## Problem requirements
Make an exact copy of the entries, and keep any pictures out of it.

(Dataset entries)

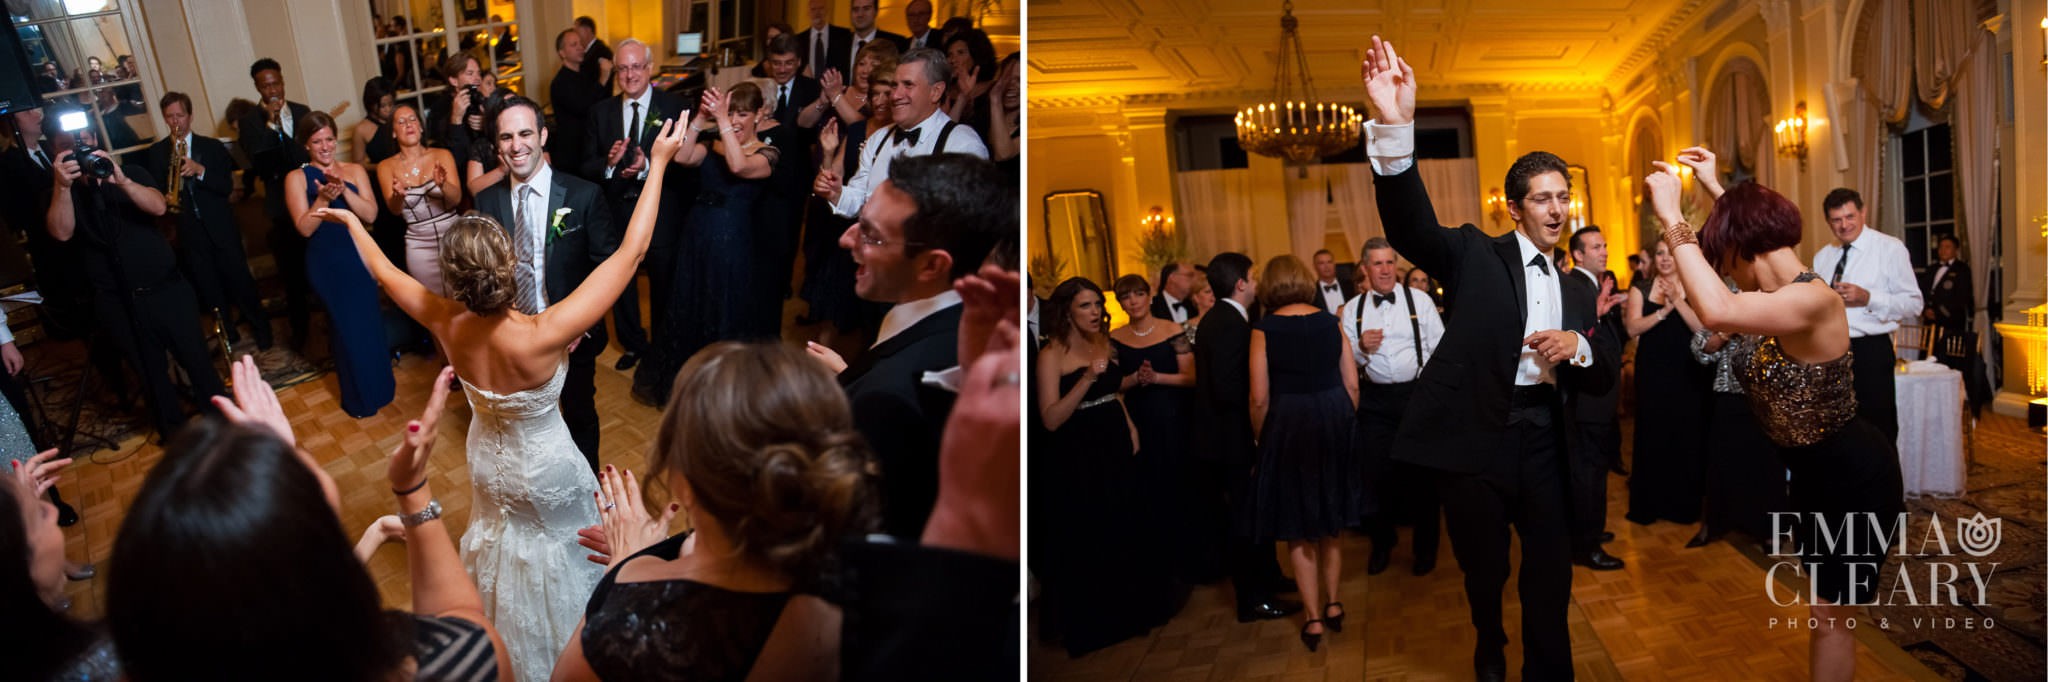 Yale Club Wedding Photos | Picturesque Rooftop Views of Manhattan
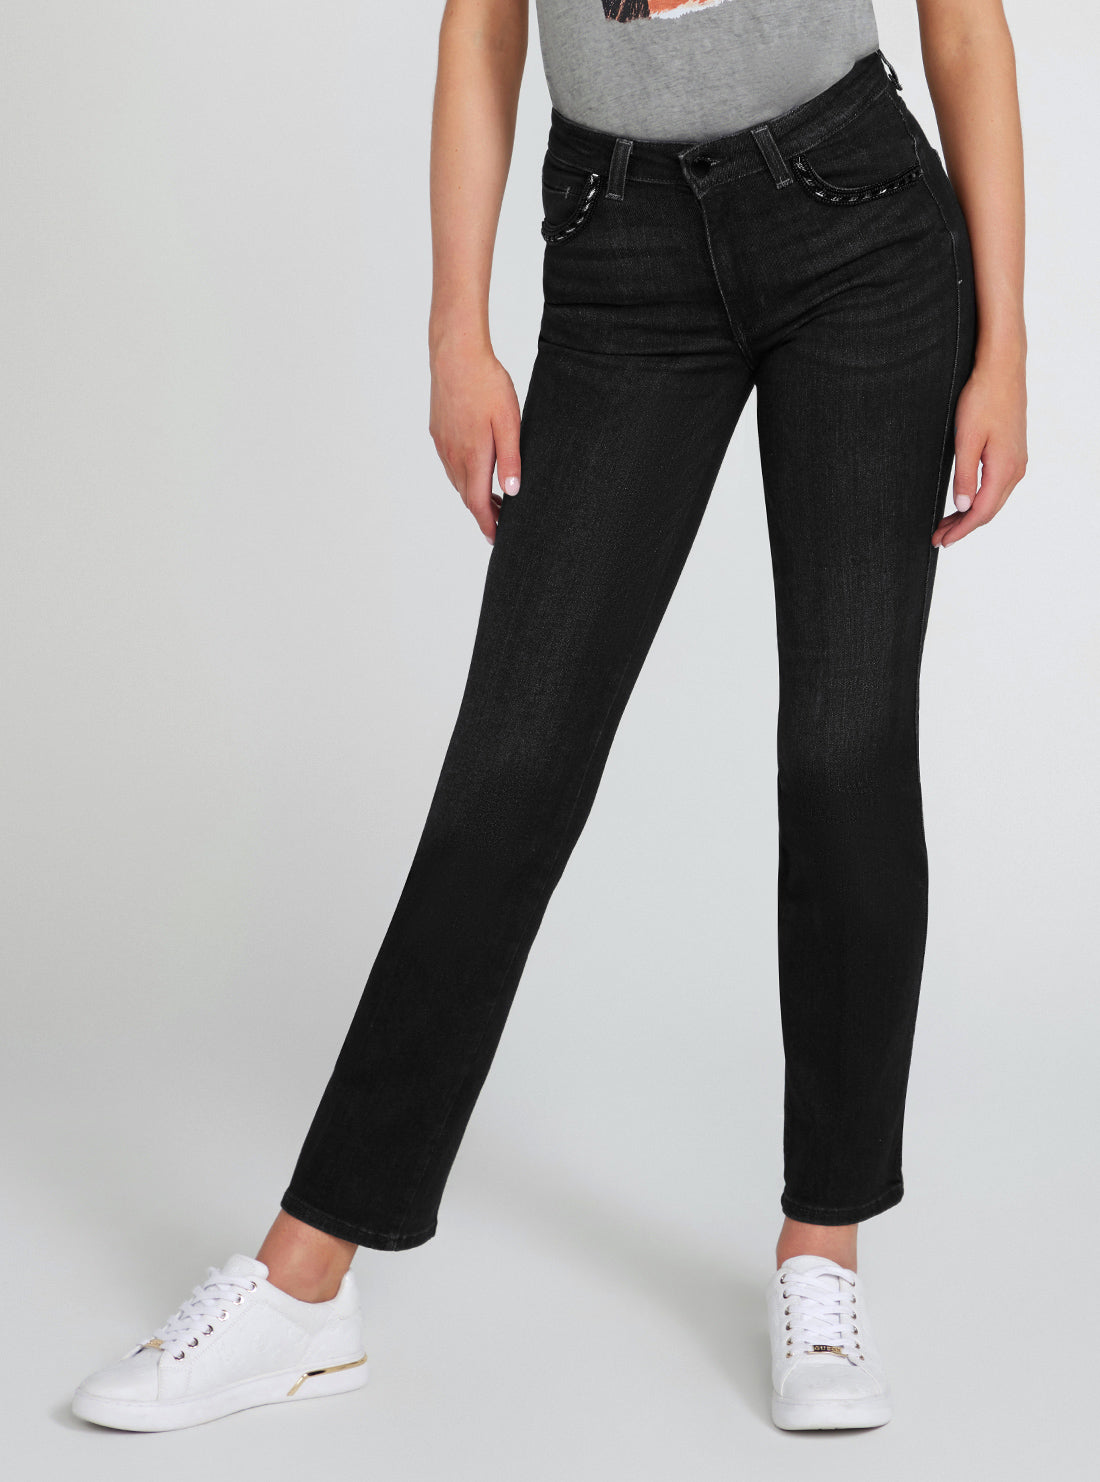 High-Rise Sexy Straight Leg Denim Jeans In Orbit Wash | GUESS Women's Apparel | front view
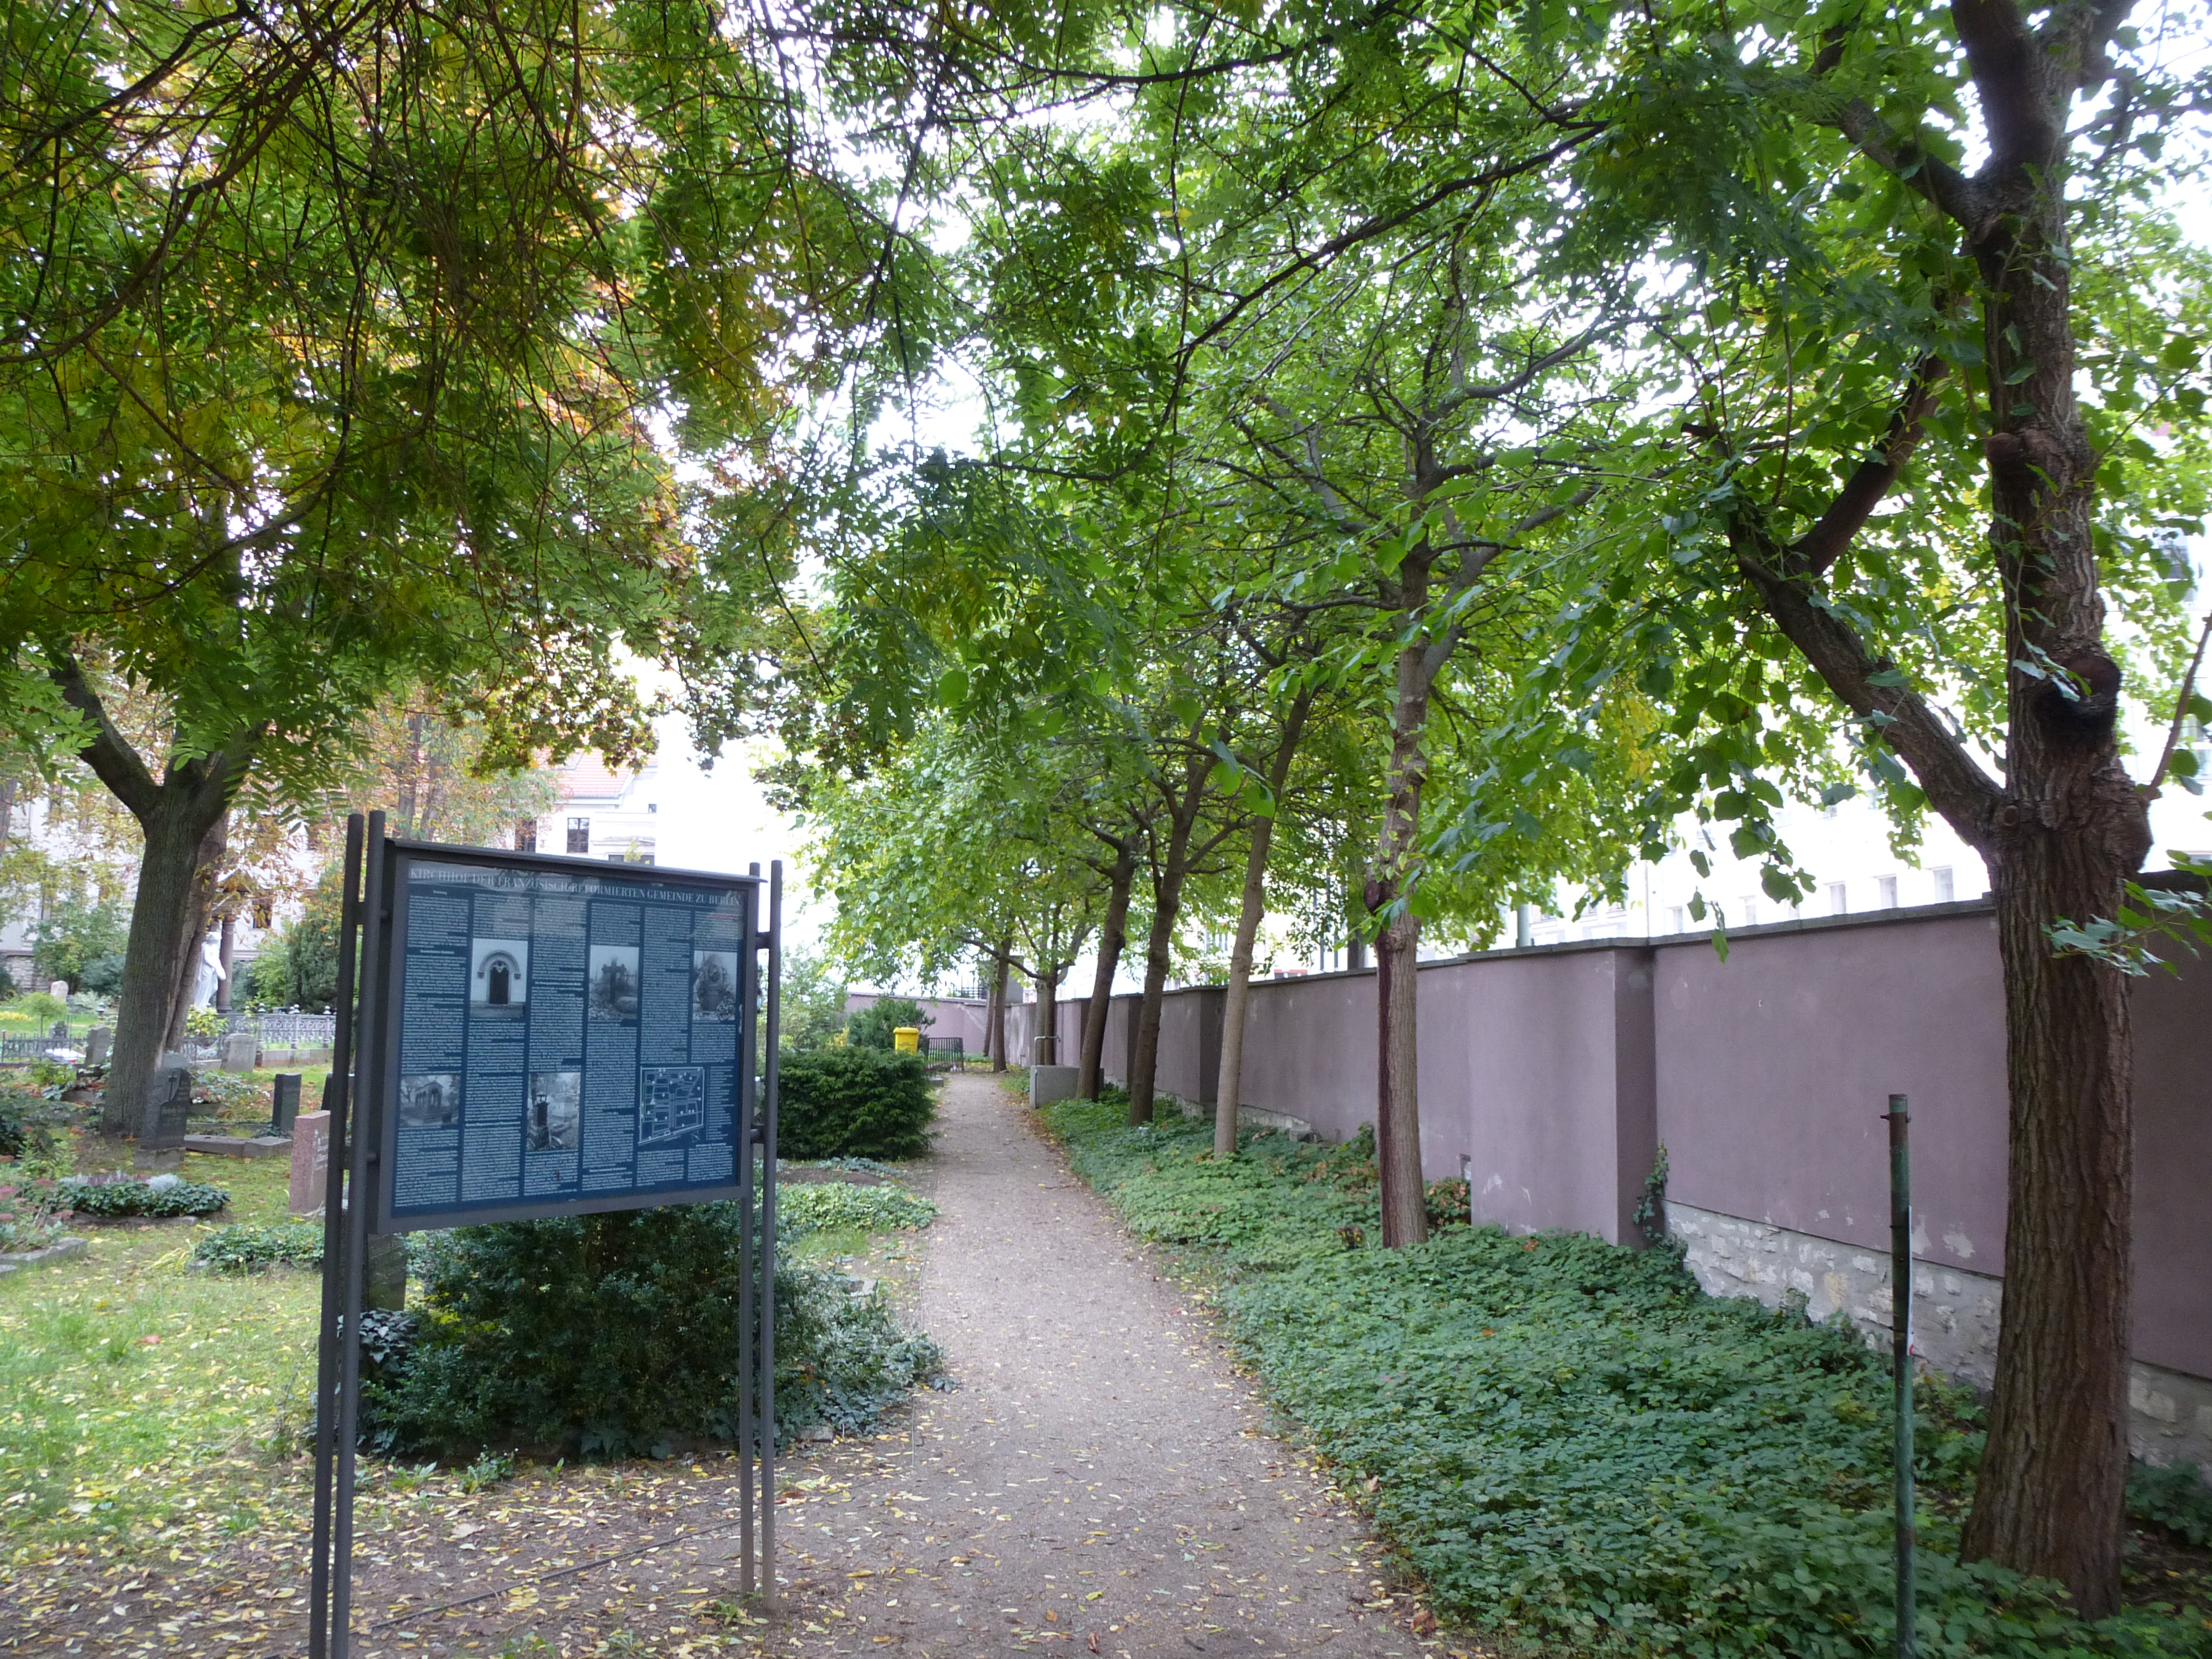 Cemetery path with a blue chart on the left. On the right is a row of young deciduous trees beside a wall.
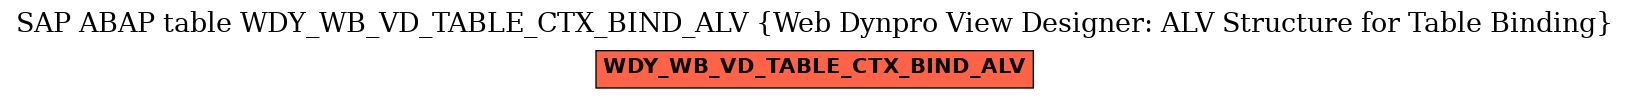 E-R Diagram for table WDY_WB_VD_TABLE_CTX_BIND_ALV (Web Dynpro View Designer: ALV Structure for Table Binding)
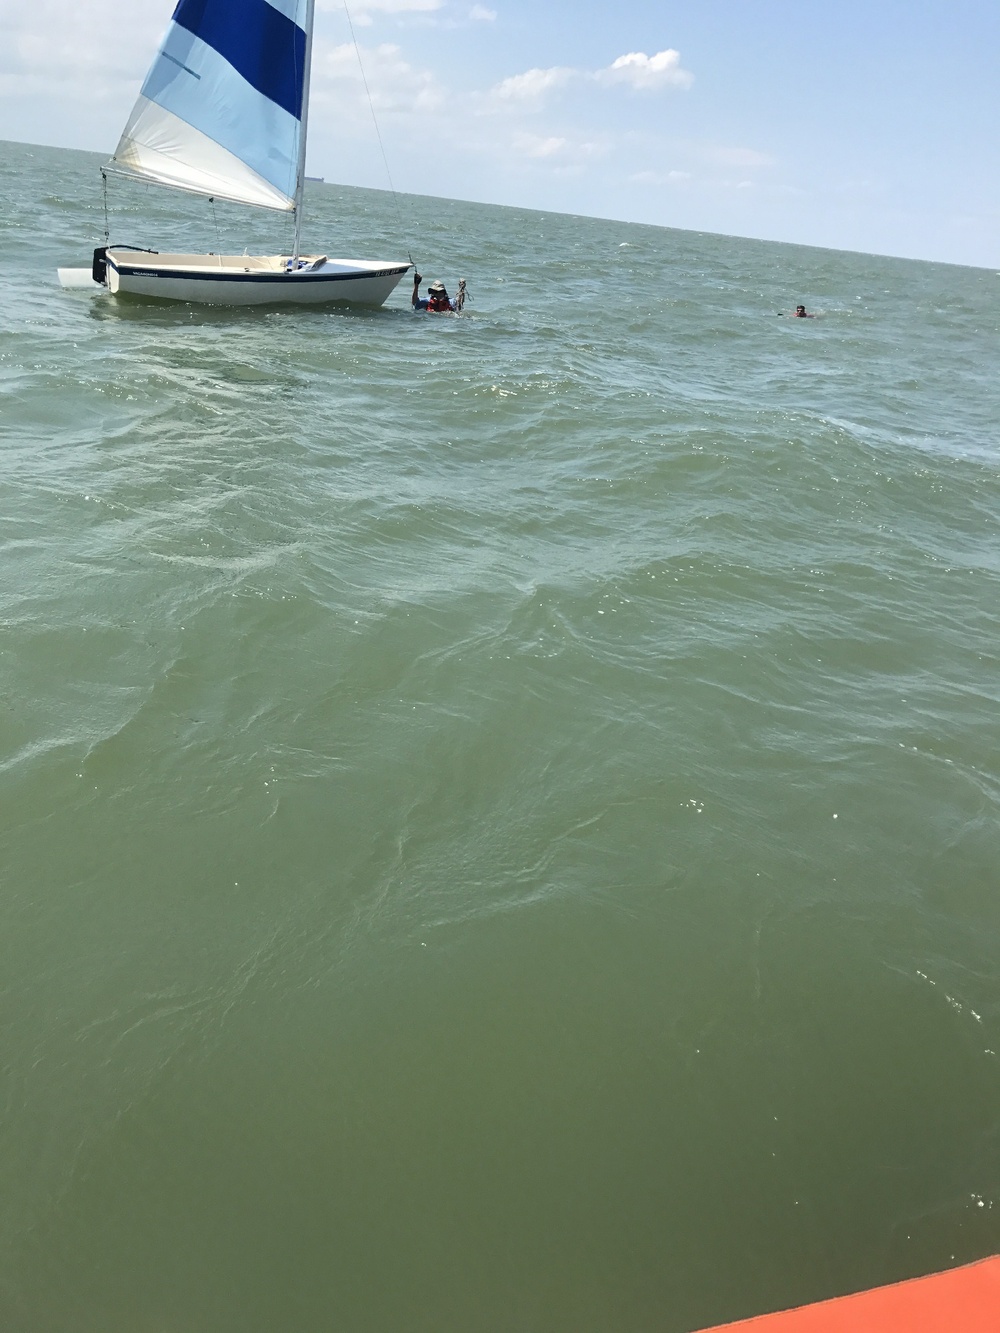 Coast Guard rescues 2 from water off Cape Charles, VA

## Solved exercise
 Yale Club Wedding Photos | Picturesque Rooftop Views of Manhattan
 High-Rise Sexy Straight Leg Denim Jeans In Orbit Wash | GUESS Women's Apparel | front view
 Cemetery path with a blue chart on the left. On the right is a row of young deciduous trees beside a wall.
 E-R Diagram for table WDY_WB_VD_TABLE_CTX_BIND_ALV (Web Dynpro View Designer: ALV Structure for Table Binding)
 Coast Guard rescues 2 from water off Cape Charles, VA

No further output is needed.